## [The data]
++++++++++
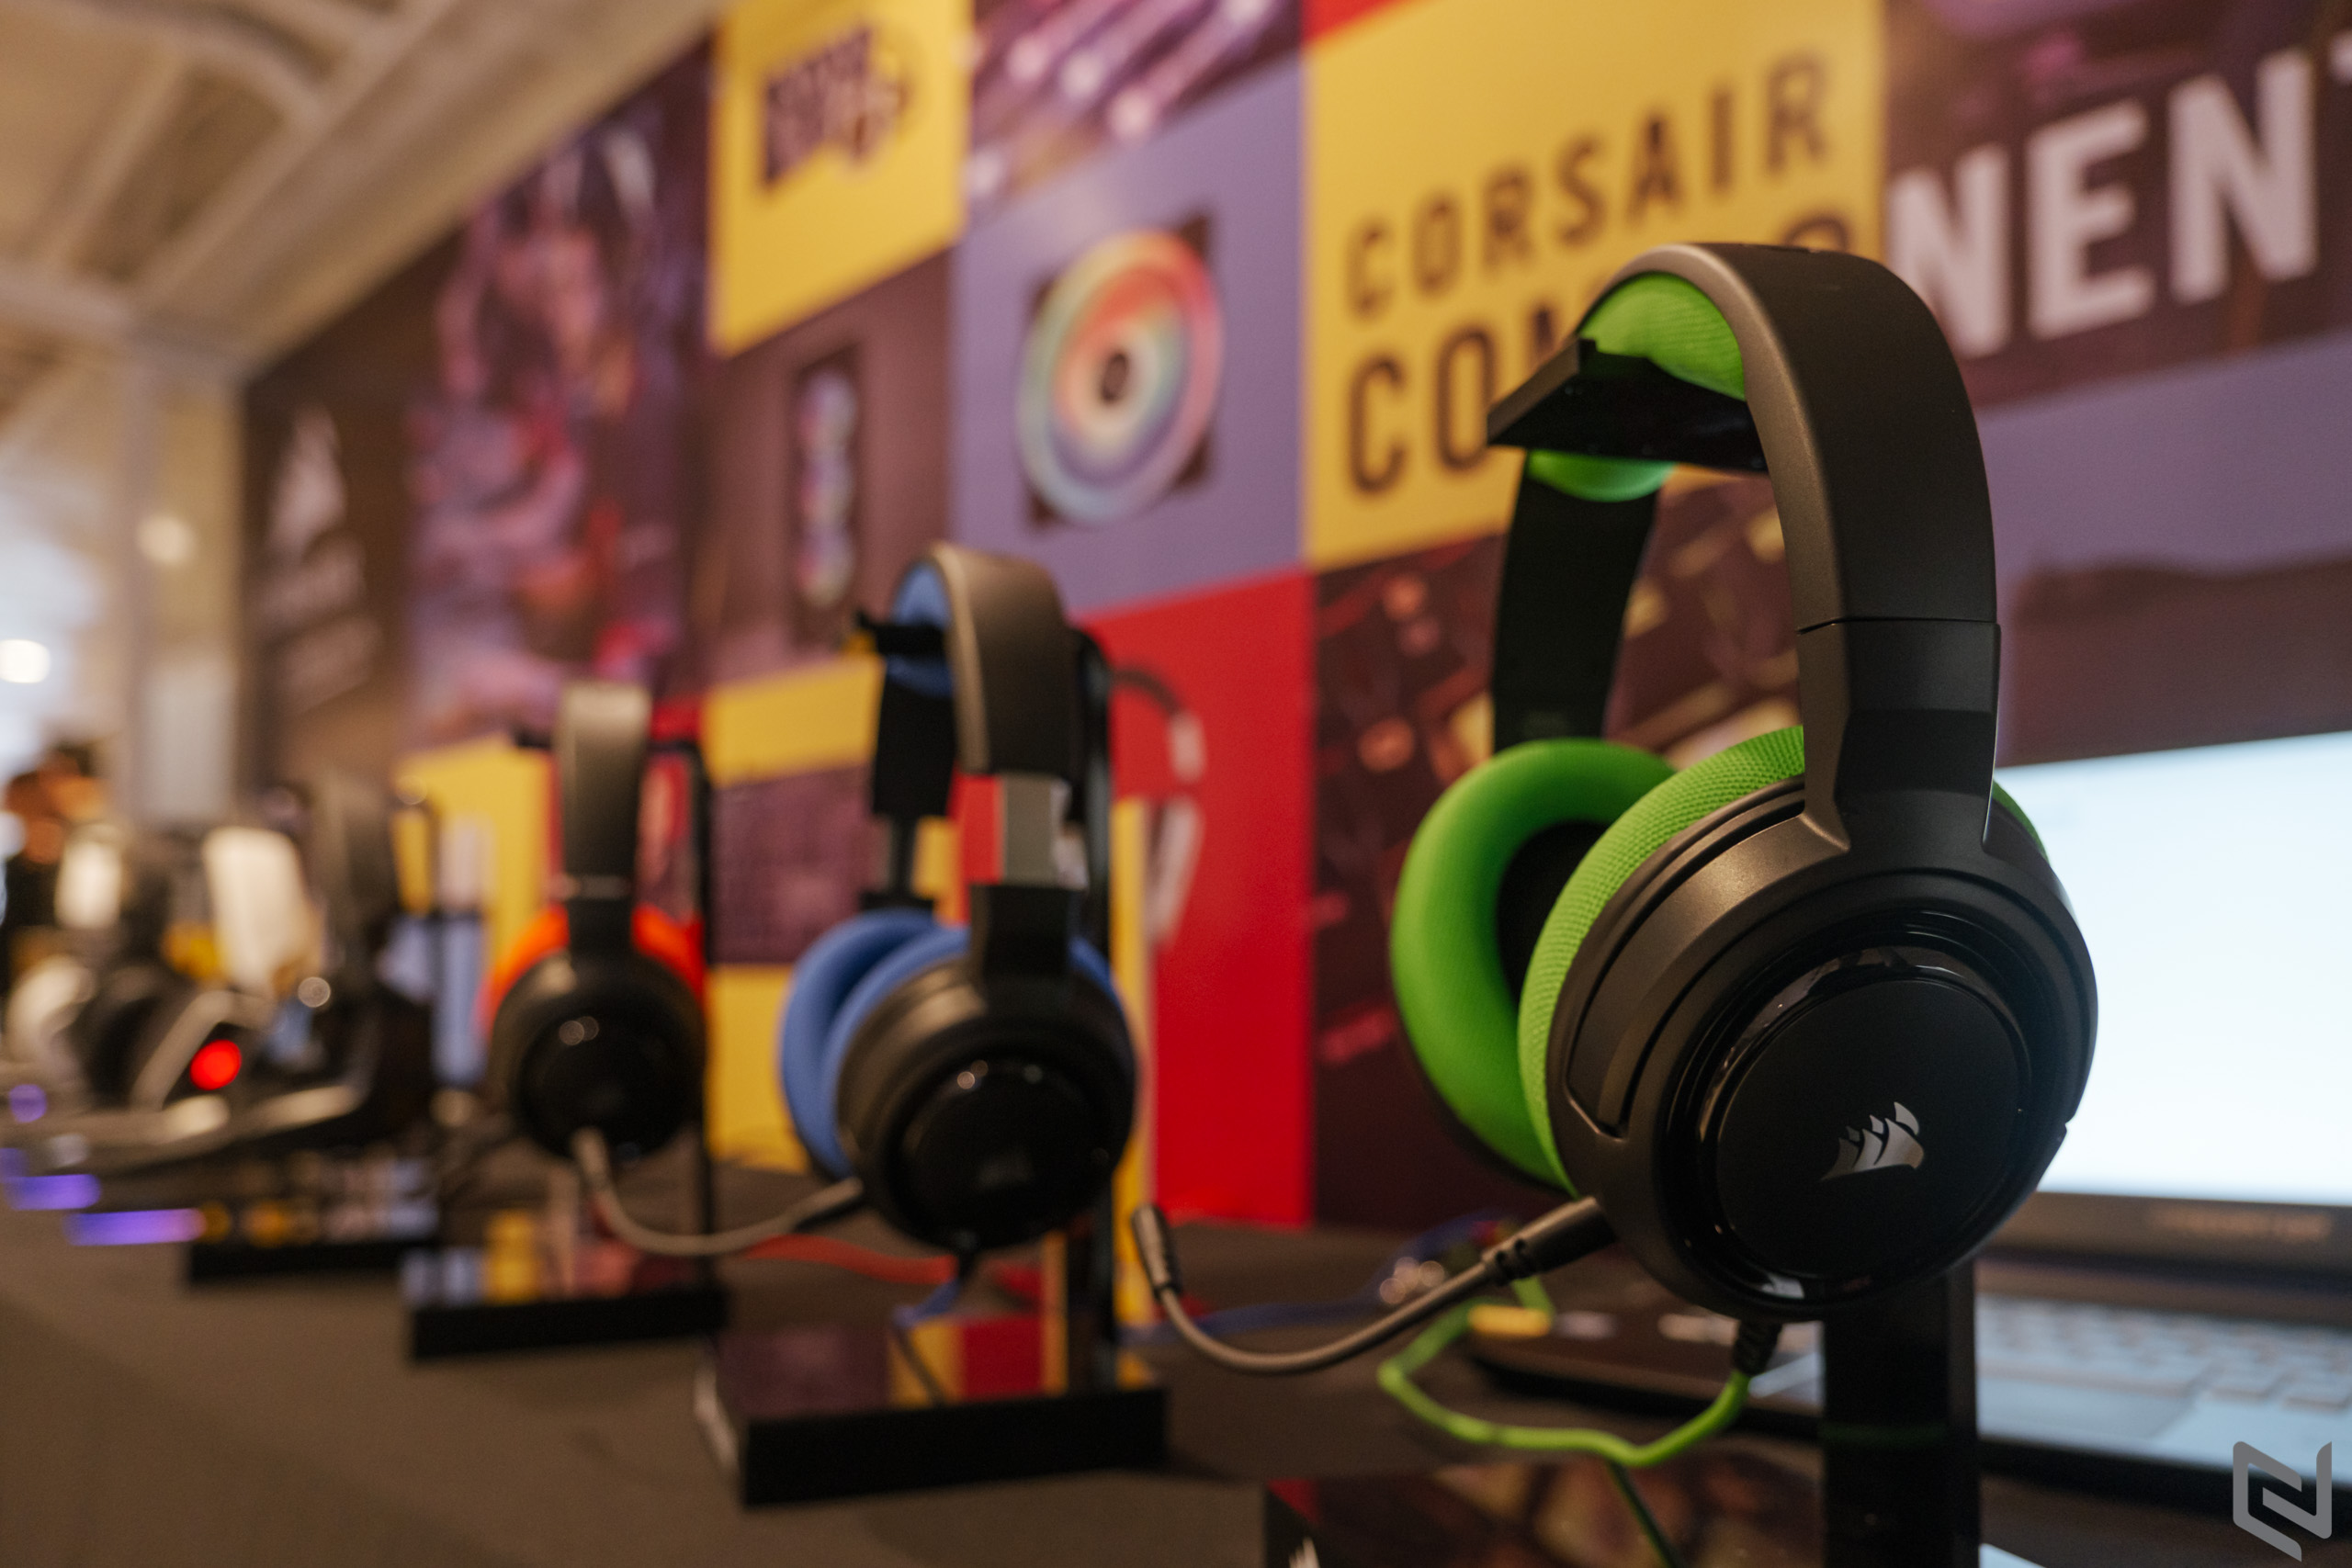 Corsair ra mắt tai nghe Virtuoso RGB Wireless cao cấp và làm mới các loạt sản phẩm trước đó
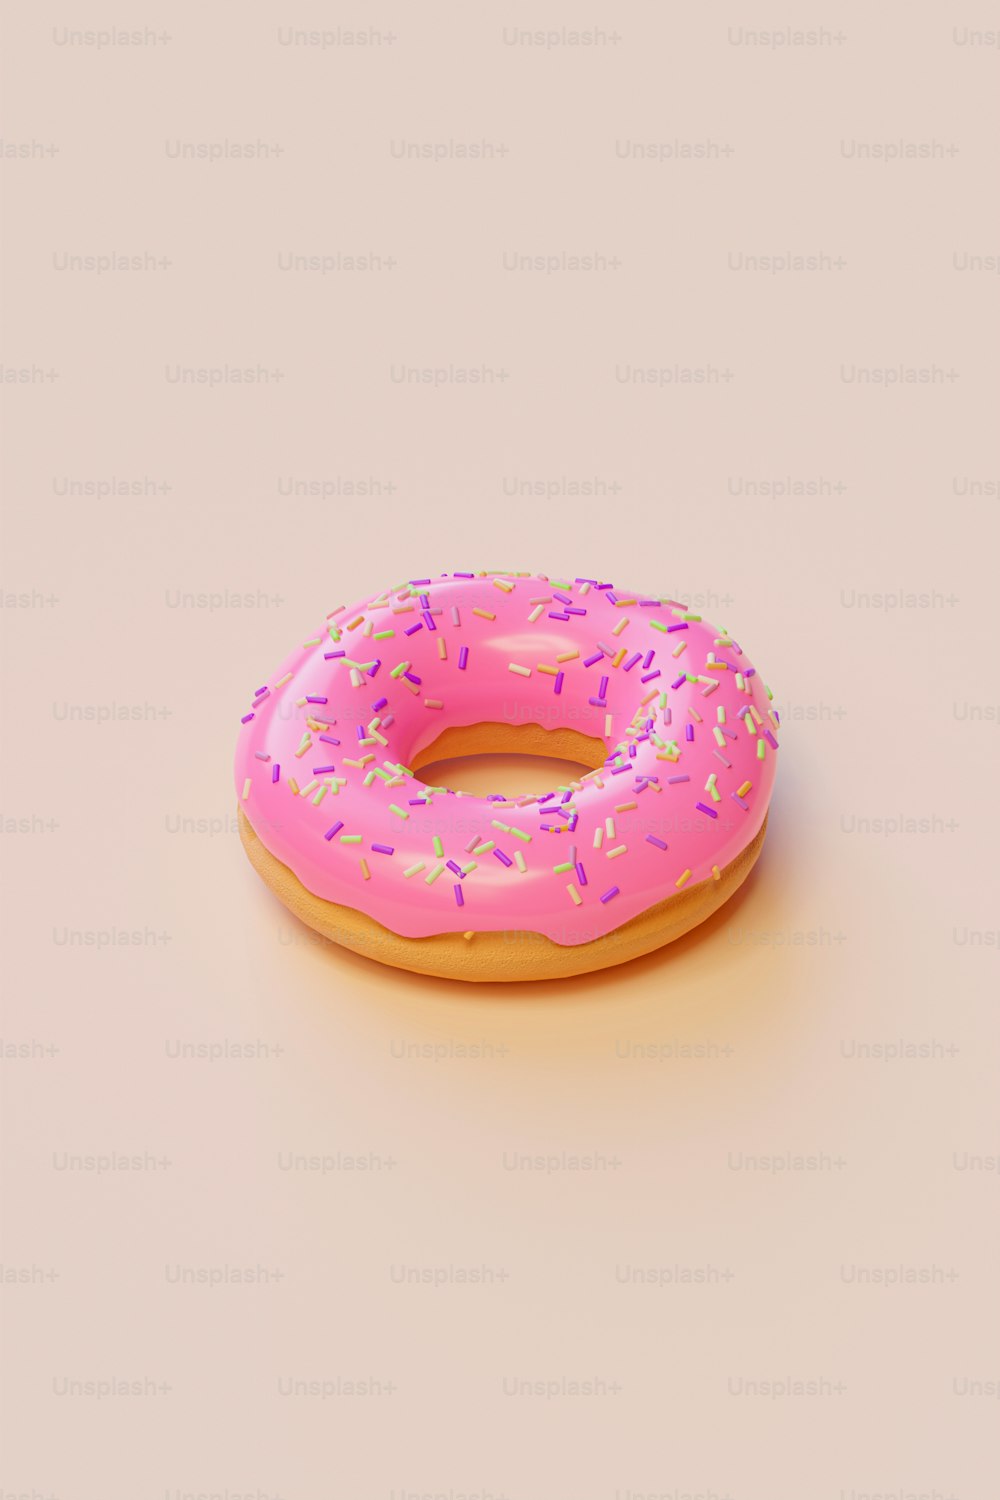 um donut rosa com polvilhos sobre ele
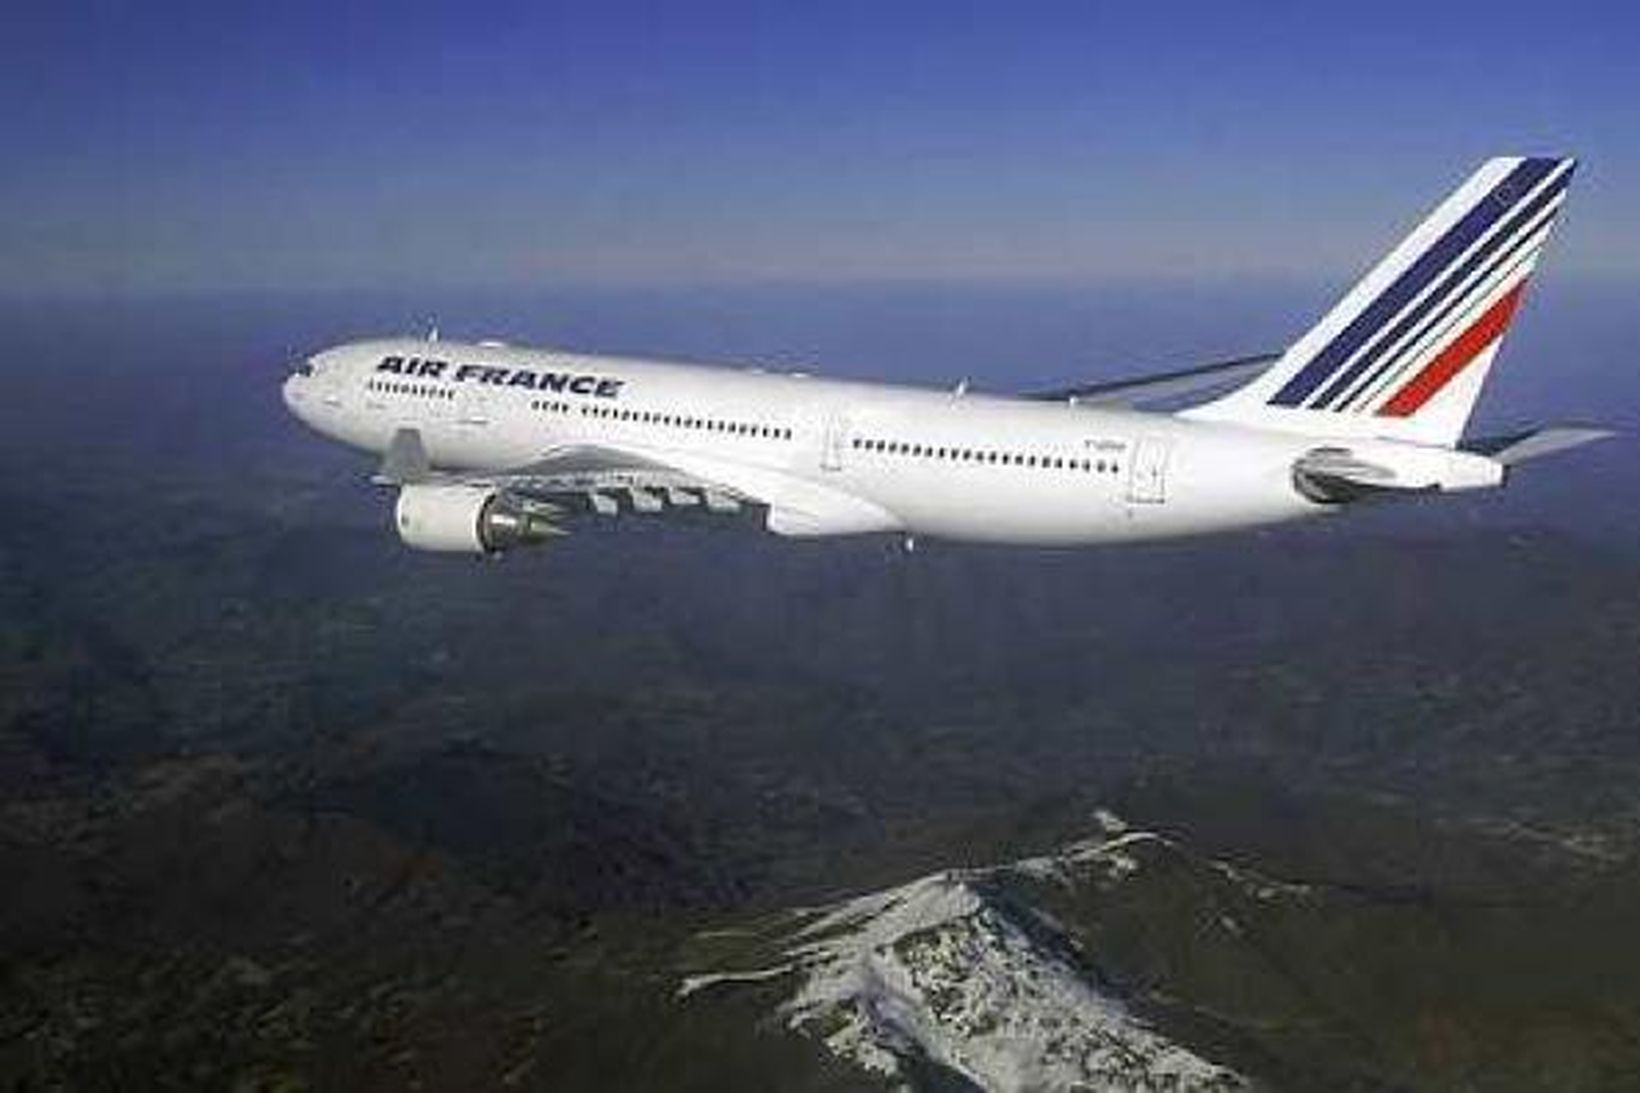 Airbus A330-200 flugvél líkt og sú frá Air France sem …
++++++++++
## [Task directions]
The result should be the listing above, restated exactly, with no pictures in it.

## [Written solution]
 Corsair ra mắt tai nghe Virtuoso RGB Wireless cao cấp và làm mới các loạt sản phẩm trước đó
 um donut rosa com polvilhos sobre ele
 Airbus A330-200 flugvél líkt og sú frá Air France sem …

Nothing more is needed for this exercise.